It feels like Christmas. Thanks again to HTS and SpectraCal :TT

P.S. There's no relation with april f..lsday?


----------



## Joshua Quain

HTip said:


> Yet another giveaway. First CHT and now SpectraCal!
> It feels like Christmas. Thanks again to HTS and SpectraCal :TT
> 
> P.S. There's no relation with april f..lsday?


You're welcome.  
No, this isn't an April fools, this is the real deal.


----------



## HTip

Joshua Quain said:


> You're welcome.
> No, this isn't an April fools, this is the real deal.


Great! :T


----------



## b00tleg

Awesome giveaway. I've been wanting to learn more about video calibration. I've gotten a pretty sweet picture on my sony xbr4 52" through the on screen menu settings. But of course that's barely scratching the surface.


----------



## TypeA

Everyone please remember this is the discussion thread _only_. To be entered in this giveaway you must post in this qualification thread when youre qualified. Dont want to see anyone miss out on this giveaway because they posted in the _discussion_ thread instead! :doh:


----------



## Joshua Quain

b00tleg said:


> Awesome giveaway. I've been wanting to learn more about video calibration. I've gotten a pretty sweet picture on my sony xbr4 52" through the on screen menu settings. But of course that's barely scratching the surface.
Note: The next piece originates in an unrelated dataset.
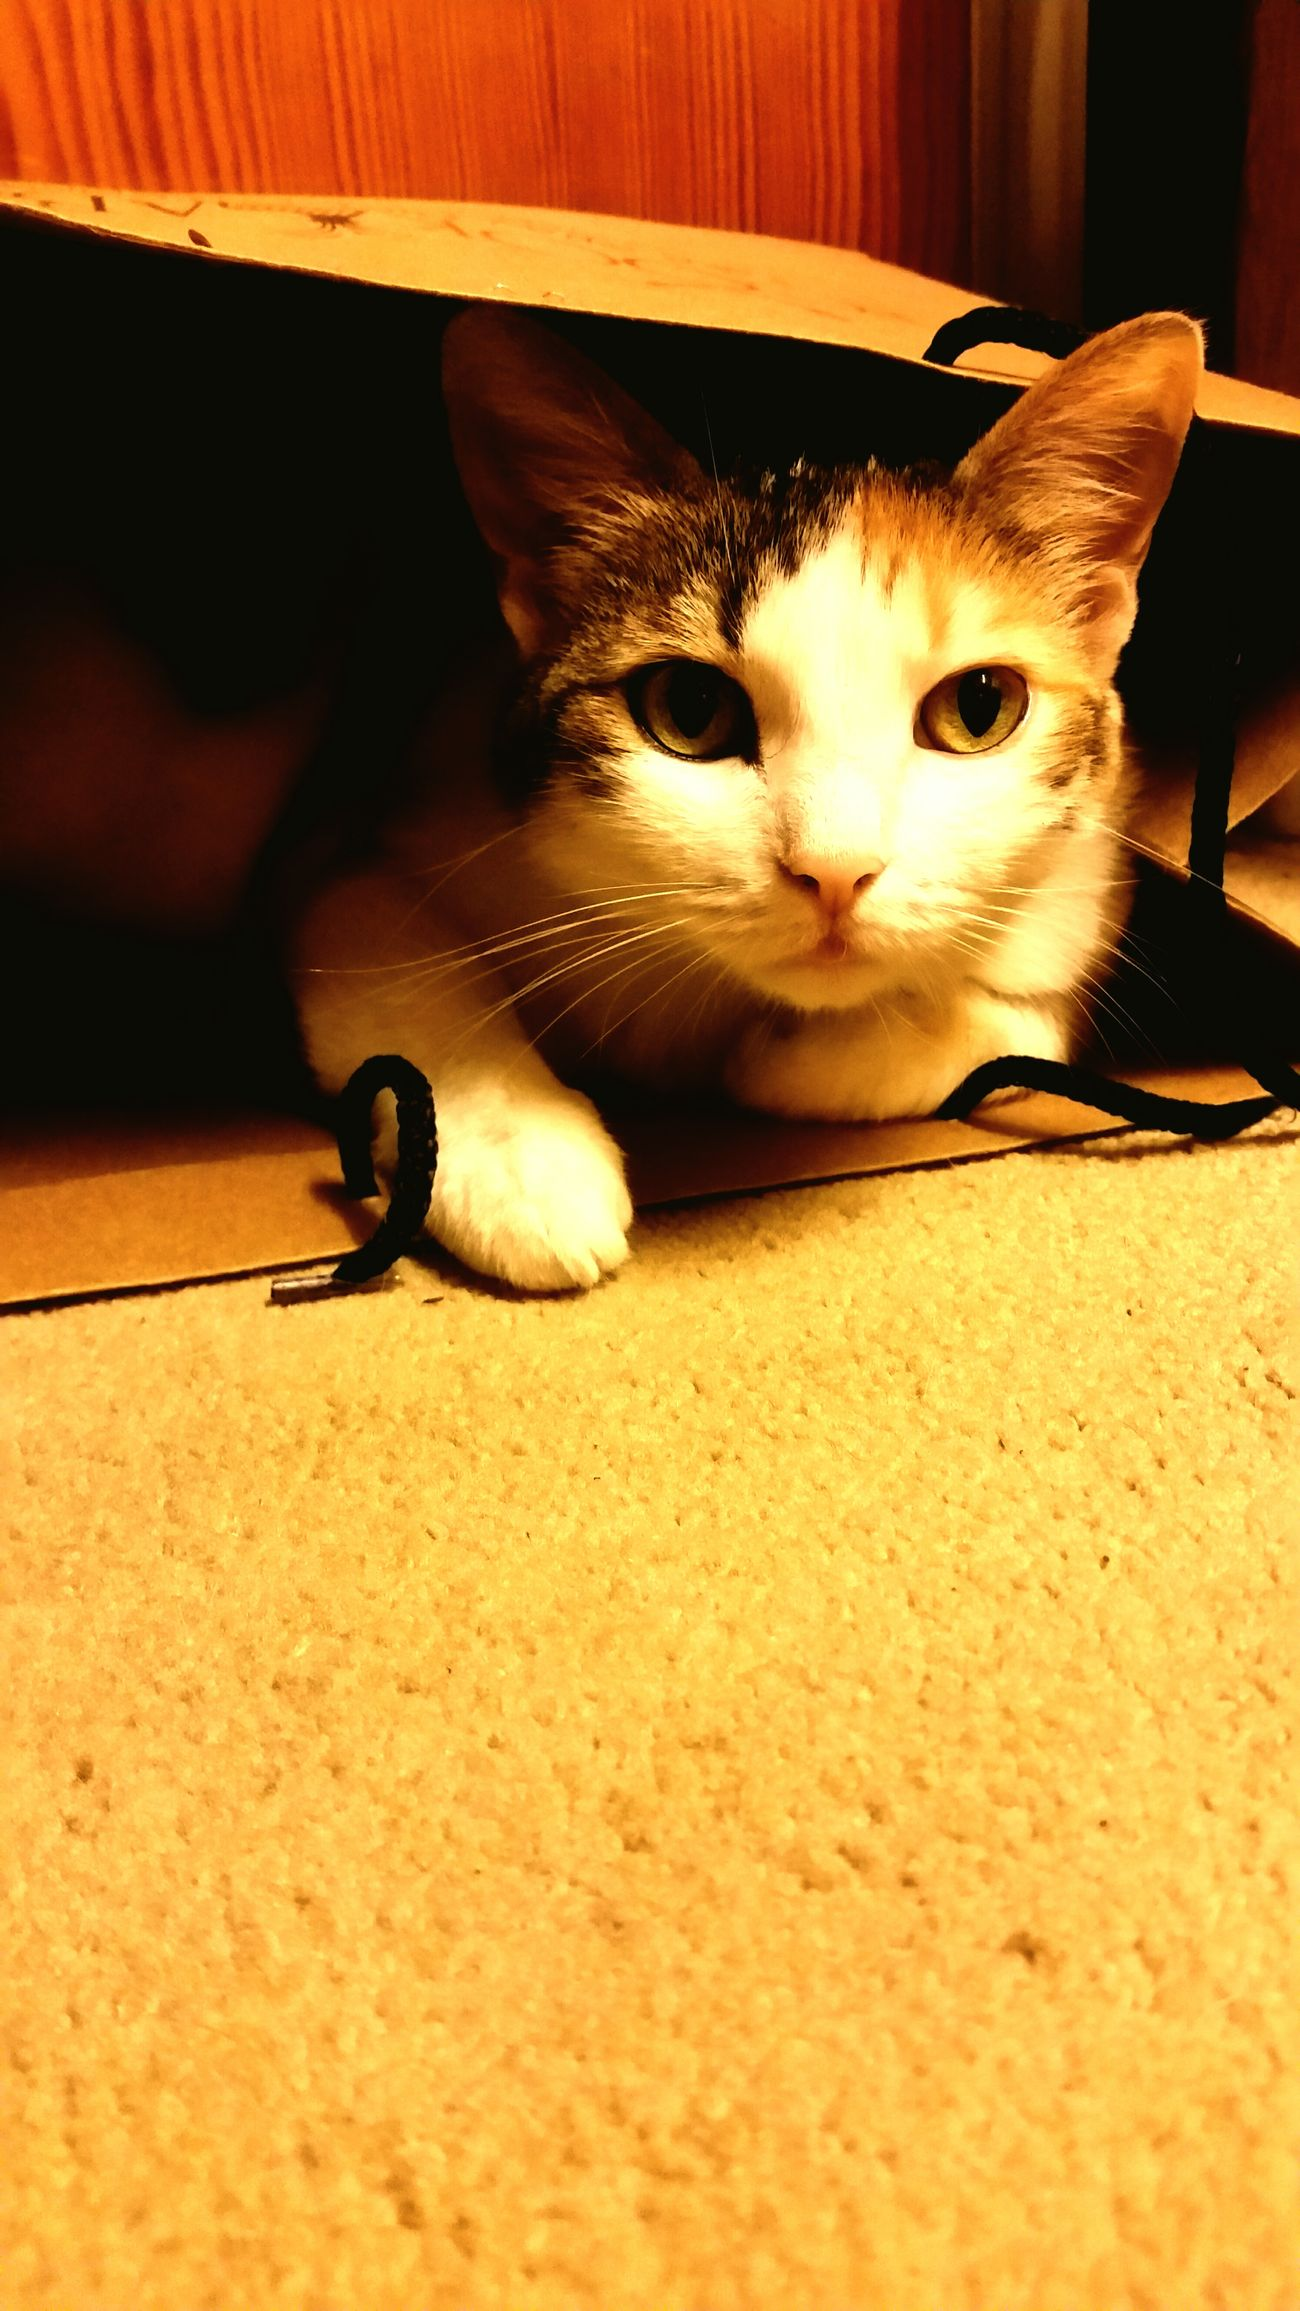 Pets Animal Themes Indoors  No People One Animal Cat Cat Lovers Cat♡ Cats 🐱 Catlovers Cats Of EyeEm Fındık Kedi Kedicik Beauty In Nature Beautiful Beauty Animal Pet Pet Photography  Pet Love Samsung Galaxy S5 PhonePhotography

Hi B00tleg, please pm me for any questions you have on display calibration or post your question(s) on the calibration thread. 

Best regard, 
Josh


----------



## Rmb1080p

Sign me up!!!


----------



## tbaudoin

Giddyup... Er' I'm qualified. 
T


----------



## yammyguy

How does CalPC stack up compared to the Spyder4 Elite software? I have the older Spyder3 Elite and it does a pretty good job with my wide gamut monitors.


----------



## yammyguy

I'm qualified... and entered.


----------



## rab-byte

Sign me up!


----------



## 8086

I'm certainly in for this drawing. Thanks to the admins and good luck to all.


----------



## Joshua Quain

yammyguy said:


> How does CalPC stack up compared to the Spyder4 Elite software? I have the older Spyder3 Elite and it does a pretty good job with my wide gamut monitors.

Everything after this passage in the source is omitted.